Uma das lições que se pode tirar da pandemia de coronavírus é que todos, sem exceção, precisam compor uma reserva de emergência.

Com as medidas de distanciamento social recomendadas pela Organização Mundial da Saúde (OMS) para conter a proliferação do vírus, muitos se viram com carga horária e salários reduzidos, contratos de prestação de serviço cancelados ou negócios paralisados.

Quem tinha um montante guardado, aplicado em investimento seguro e com alta liquidez, conseguiu sacar dinheiro para pagar as contas. Quem não tinha, possivelmente já revê suas estratégias de investimento.

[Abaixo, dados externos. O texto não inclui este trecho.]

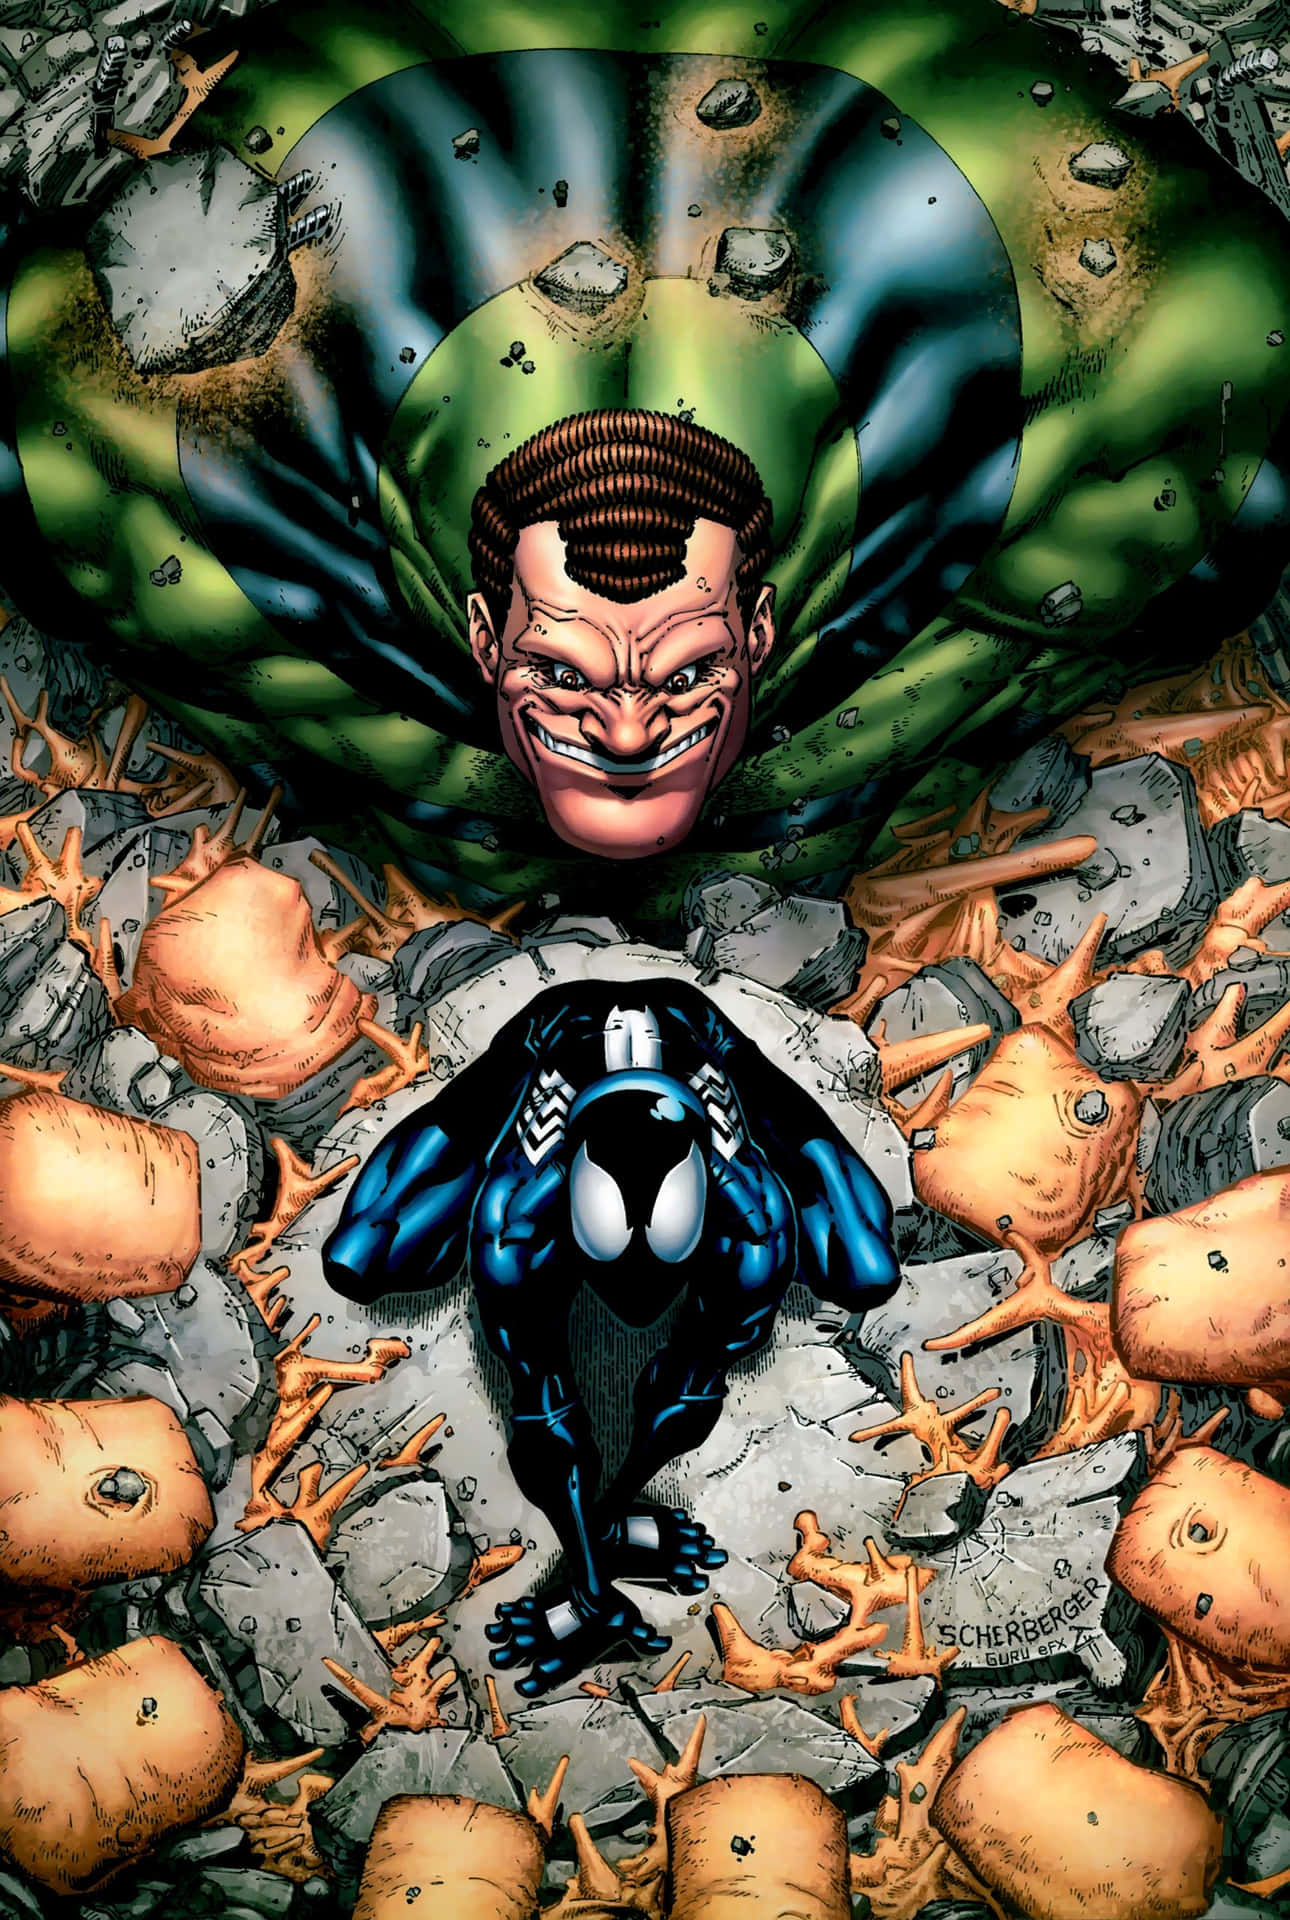 Spider - Man And A Green Man In The Middle Of A Pile Of Rocks Background

Reserva de emergência ficou esquecida nos últimos anos

“Ao brasileiro, historicamente, sempre faltou a visão de poupador. Isso decorre de uma falha na educação financeira que, acredito, tende a ser reduzida daqui para a frente, inclusive com o avanço do ensino nas escolas públicas e privadas”, diz Gustavo Cruz, estrategista da RB Investimentos.

No entanto, além desta questão, Cruz aponta que a crise pegou também outro perfil de brasileiro desprevenido. Aquele que, animado pelos ganhos do mercado nos últimos anos, decidiu ser mais ousado e migrar a reserva de emergência para fundos e ações.

“A reserva de emergência ficou esquecida. Com o mercado aquecido e a maioria dos ativos com retornos acima do normal, o investidor não muito experiente e até o mais conservador se deixou levar pelos ganhos expressivos. Todo mundo quis surfar a onda. ‘Está todo mundo ganhando, não vou fazer parte desse boom?’ Então muita gente se deixou levar pela conversa dos altos ganhos dos amigos no bar”, avalia.

“A partir do coronavírus, acredito, as pessoas tenderão a olhar para a reserva de emergência com mais disciplina”, diz.

Mas, afinal, o que é a reserva de emergência?

A reserva de emergência é, como o nome diz, aquele montante que deve ser deixado aplicado e só utilizado em último caso.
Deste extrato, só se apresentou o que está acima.